Hi. I’ve had chickens for 25 years and I now have a situation I‘d like advise on. Last winter a raccoon killed all my chickens. This was the first time in 25 years that it’s happened. They were sleeping in the rafters of a 20 x 20’ building and still were eaten. I got six new chicks this spring and they didn’t have anyone to learn from and took to sleeping in the trees about 20 feet up as soon as they were old enough to run free. I live in central Ohio and it’s now getting cold but they still insist on sleeping in the tree. I can’t catch them during the day or get them at night because they are so high up. Will they be OK outside in the winter? I thinking not. My only other option is to buy a net and catch them, but I’d have to lock them up indefinitely and I’d rather not do that. Plus there’s a possibility they may get eaten in the building and I think they’re safer up in the trees. Any help appreciated.


----------



## robin416 (Sep 8, 2013)

Frostbite would be the biggest concern. Are they large combed birds? Those suffer the most.


----------



## Ripstel (Nov 15, 2021)

robin416 said:


> Frostbite would be the biggest concern. Are they large combed birds? Those suffer the most.
> [/QUOTE





robin416 said:


> Frostbite would be the biggest concern. Are they large combed birds? Those suffer the most.

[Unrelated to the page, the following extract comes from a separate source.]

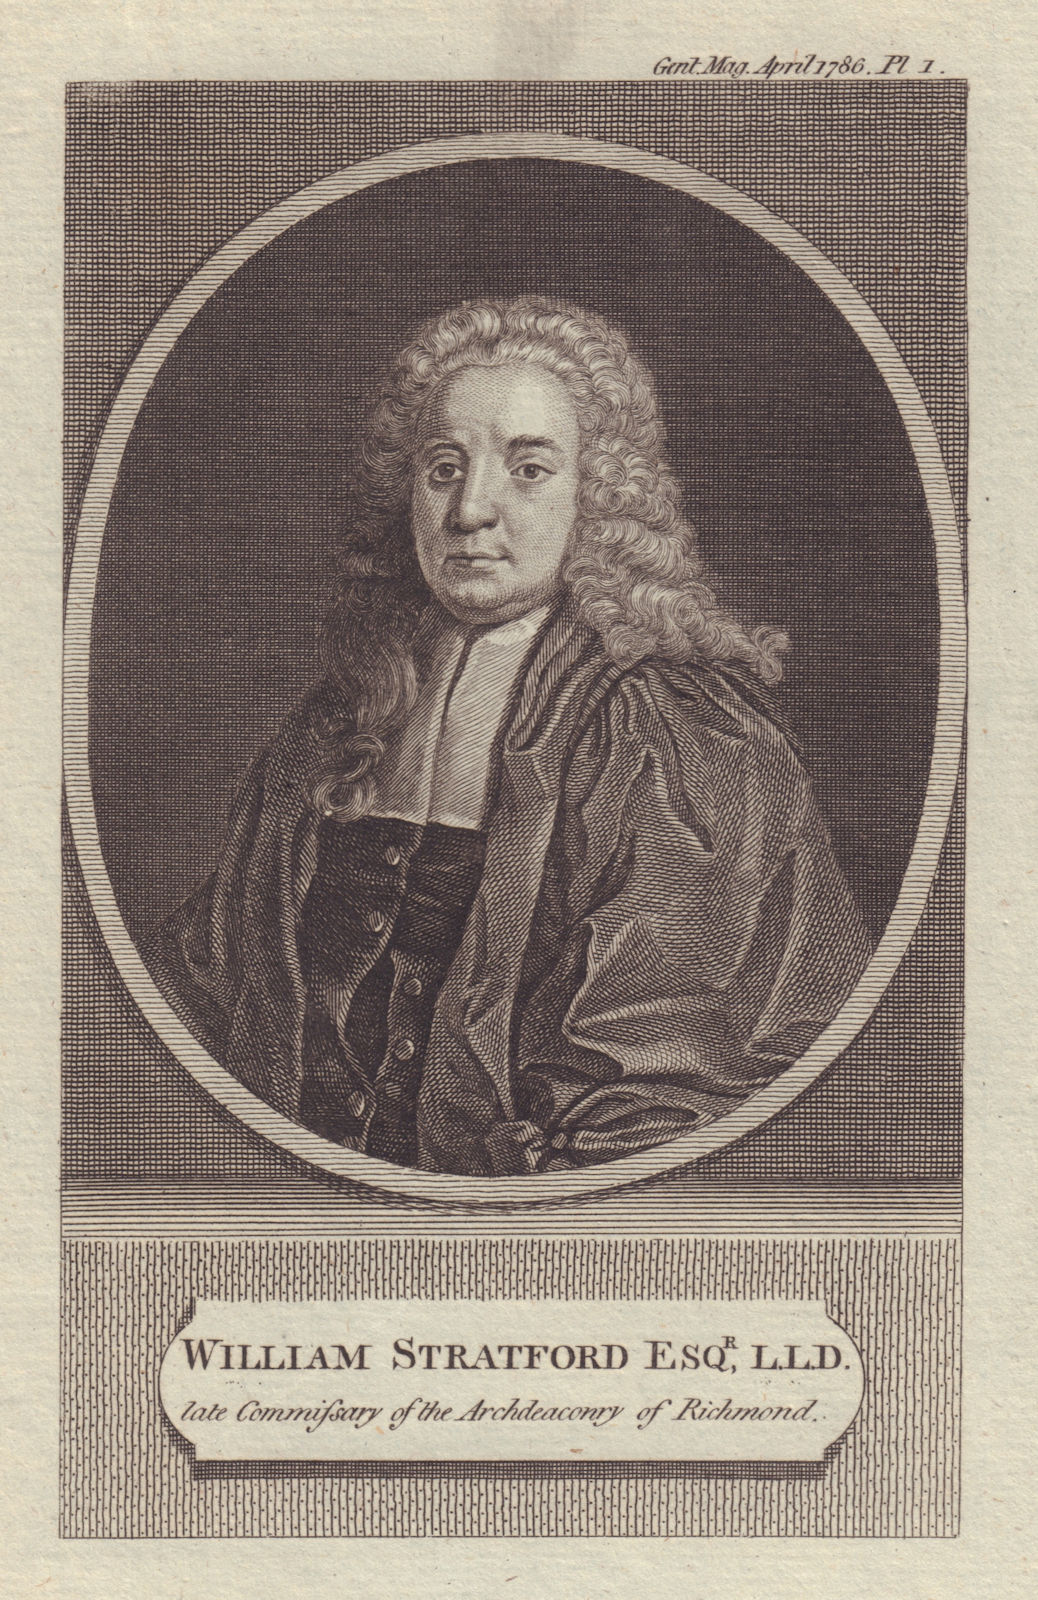 William Stratford, commissary of the Archdeaconry of Richmond. Yorkshire 1786

They are Rhode Island reds, bard rocks, and Americanas. I’m going to buy a net but they’re gonna hate being locked up for the foreseeable future. Our winters are generally not bad but sometimes it can get very cold.


----------



## robin416 (Sep 8, 2013)

They certainly are targets for owls with no leaves on the trees.

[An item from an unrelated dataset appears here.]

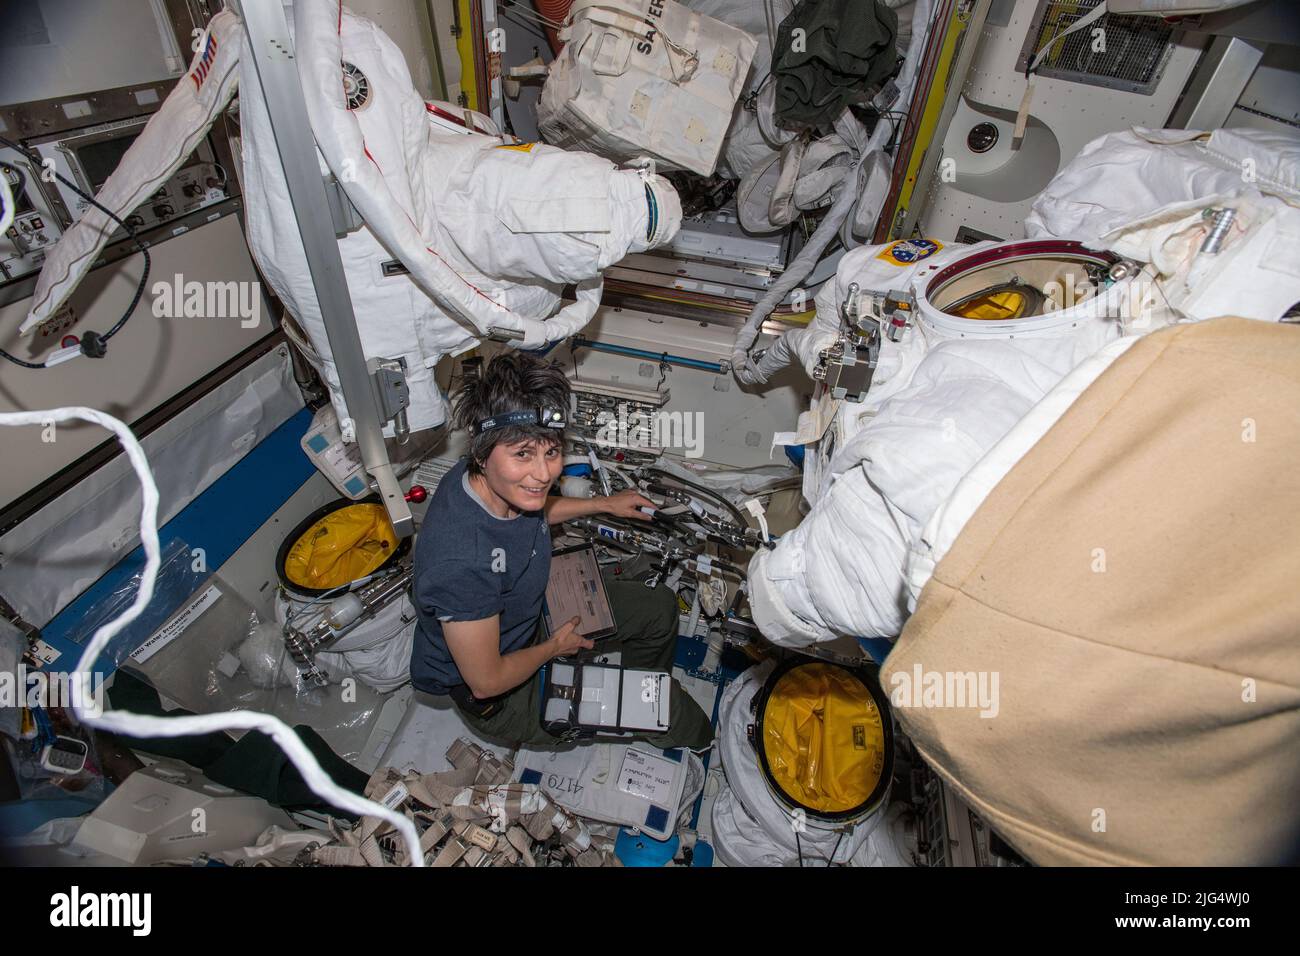 International Space Station Expedition 67 Flight Engineer Samantha Cristoforetti of the ESA, performs maintenance on the EMU spacesuits inside the Quest airlock aboard the orbiting spacelab, May 11, 2022 in Earth Orbit. Stock Photo

If there's a reason for them to go up, like food, water and treats they learn to accept the safety. Even my Guineas come running at night for me to put them up so they can have their treats.


----------



## dawg53 (Aug 25, 2015)

Raccoons can climb trees too.


----------



## imnukensc (Dec 5, 2020)

If your chickens will come to you when you call them, you don't need a net. You can catch them with a bent coat hanger or they actually make hooks to catch them by their feet.


----------



## dawg53 (Aug 25, 2015)

Interesting. I've never seen anything like that before. I'd be concerned about a sprained leg though, not fun to deal with. Personally, I dont even bother with a net anymore unless it's an absolute emergency. I just go out to the coop in the dark and snatch a bird off the roost, much easier.


----------



## robin416 (Sep 8, 2013)

Except for that whole tree thing.

Another trick is to put treats in the lock up spot each evening. Put it near the door at first, then move it back further the next night. Once they're all in close the doors.


----------



## Poultry Judge (Jul 15, 2020)

robin416 said:


> Except for that whole tree thing.
> 
> Another trick is to put treats in the lock up spot each evening. Put it near the door at first, then move it back further the next night. Once they're all in close the doors.

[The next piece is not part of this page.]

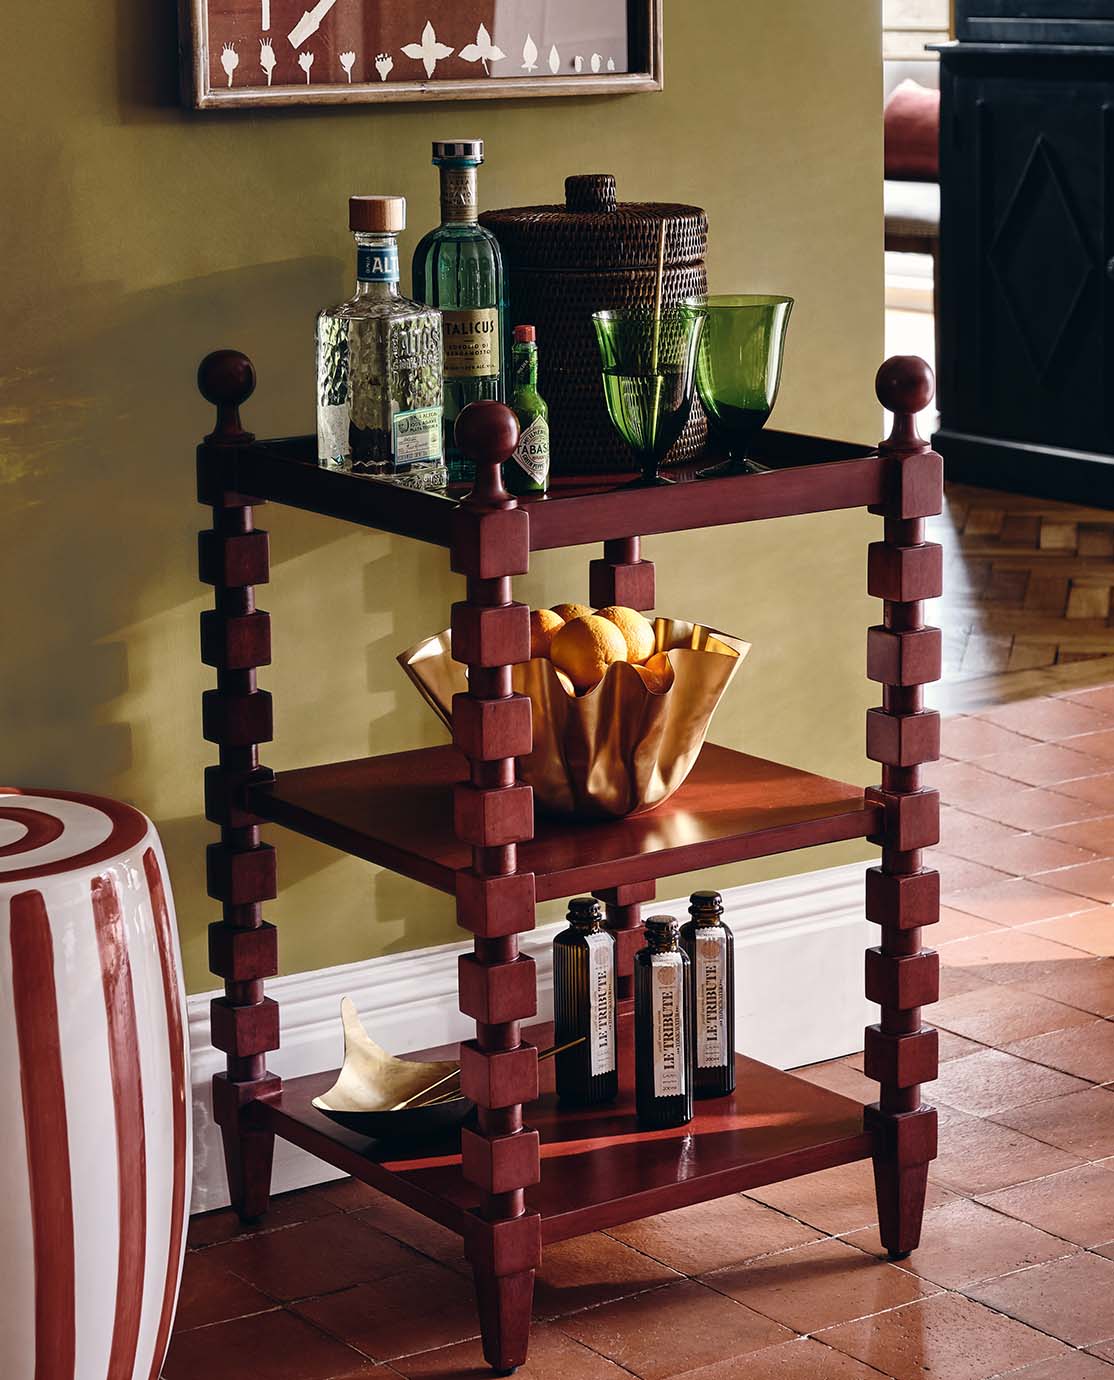 A red side table with cubed, bobbin-style legs, holding a selection of drinks and colourful glassware.

Yes, it's about forming new habits, otherwise some may try to spend the winter in the tree.


----------



## Hania41806 (May 4, 2021)

I recommend dried mealworms. All chickens I’ve met love them. They quickly learned that the sound of the mealworms in the bag means it’s time for treats and they sprint to me when they hear it. Sometimes they even run to me if I have an empty bag and i crinkle it a bit.😀


----------